A Moscow court said it considered Mikhail Khodorkovsky guilty on most of the charges against him in the politically charged case, the Russian news agency Interfax reported yesterday.
But the court yesterday suspended for a day the reading of the verdicts in the fraud and tax evasion trial of the oil tycoon and his business associate Platon Lebedev.
The court had pronounced the two men guilty of fraud on the first of 11 counts against them when Judge Yelena Maximova declared an adjournment. The session was to resume today.
Khodorkovsky, former head of the Yukos oil company and once estimated as Russia's richest man, was charged along with Lebedev with tax evasion, fraud and embezzlement, among other crimes. Prosecutors have asked for the maximum 10-year prison sentence.
Guilt "is confirmed by the material of the case and by the evidence of witnesses," Judge Irina Kolesnikova was quoted as saying. However, the report said Kolesnikova's statement did not constitute the final verdict for Khodorkovsky and Lebedev.
There was wide speculation that the court would impose a lighter sentence in the case, which has raised concern about Russia's respect for rule of law. Khodorkovsky supporters contend the case against him was Kremlin-directed revenge for his funding of opposition parties.
One of Khodorkovsky's lawyers, Genrikh Padva, said phrasings in the verdict, which was being read aloud, "give hope for a softer sentence," the ITAR-Tass news agency reported.
The lengthy verdict process began on Monday and it was not clear when it would be completed.
Police yesterday beefed up security precautions outside the court building, erecting crowd barriers and metal detectors on both sides of the street and stopping passing cars for inspection. As Khodorkovsky's parents were waiting for admission to the courthouse, reporters asked what they expected from the day.
"Tell me what's good here," Boris Khodorkovsky responded, indicating the police officers lining both sides of the street.
About 100 anti-Khodorkovsky demonstrators carried placards bearing slogans such as "Khodorkovsky, return our money," reflecting the resentment among many Russians of businessmen like Khodorkovsky who became enormously wealthy in the 1990s economic free-for-all following the collapse of the Soviet Union.
A pro-Khodorkovsky demonstration outside the court a day earlier was forcefully dispersed by police and Sergei Mitrokhin, a liberal politician who said he was detained and beaten in that incident, said yesterday's demonstrators had been seen leaving the Federal Security Service headquarters in Moscow in the morning -- implying their demonstration had official organization.
Khodorkovsky was delivered to a side entrance in an armored van, out of public view.
The reading of the verdict could still take days to complete, but the first words out of the judge's mouth Monday already left little doubt that he would be found guilty on all charges, his lawyers said.

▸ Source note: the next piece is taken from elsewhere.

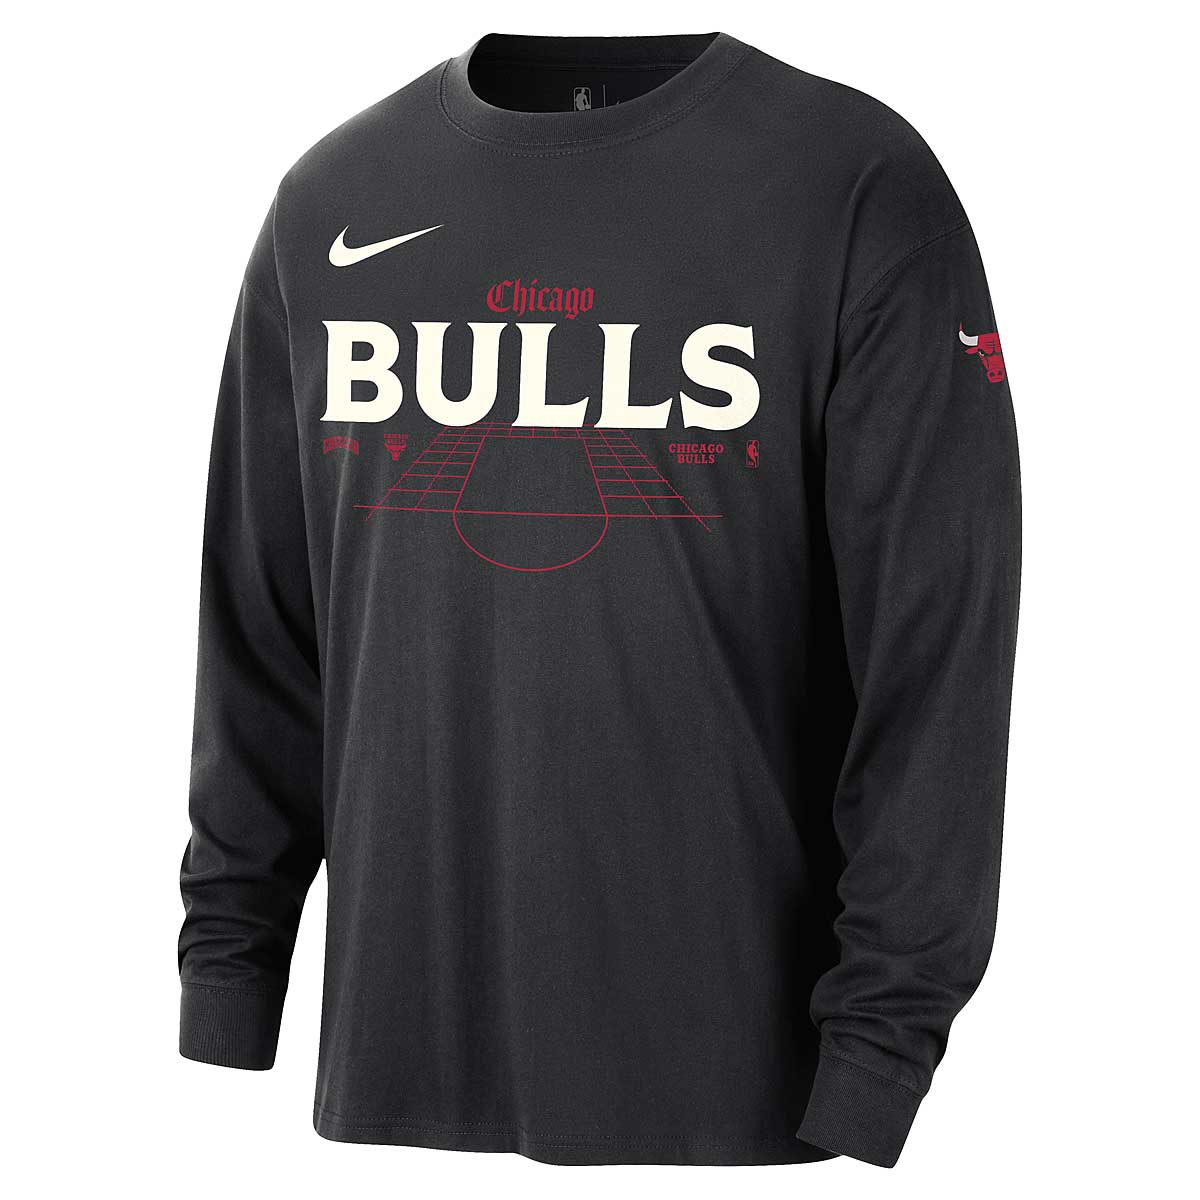 Image of Nike NBA Chicago Bulls Max90 Longsleeve, Black

Supporters say Khodorkovsky's the victim of a campaign rooted in Kremlin anger at his political ambitions, and one of his lawyers said the court is so subservient to prosecutors that its verdict is parroting their indictment "right down to the spelling errors."
Both at home and abroad, the case has raised questions about President Vladimir Putin's commitment to the rule of law. It also has disturbed foreign investors who are thinking twice about putting money into Russia despite an economy that is feeling the benefit of high world oil prices.
Khodorkovsky has been imprisoned since October 2003, when he was seized by special forces in a raid on his jet as it sat on the tarmac of a Siberian airport. Lebedev was arrested three months earlier.
Both were charged with crimes related to the 1994 privatization of a fertilizer-component company. During his 19 months in prison, his crown-jewel oil company Yukos has been hit with billions of dollars in back tax bills and its key production subsidiary acquired by the state after a murky auction ordered to meet part of the tax arrears.
Khodorkovsky and Lebedev are charged with rigging the privatization auction, stripping profits from a major fertilizer component maker, illegally using onshore tax havens to slash Yukos' tax bills and dodging millions in personal income tax.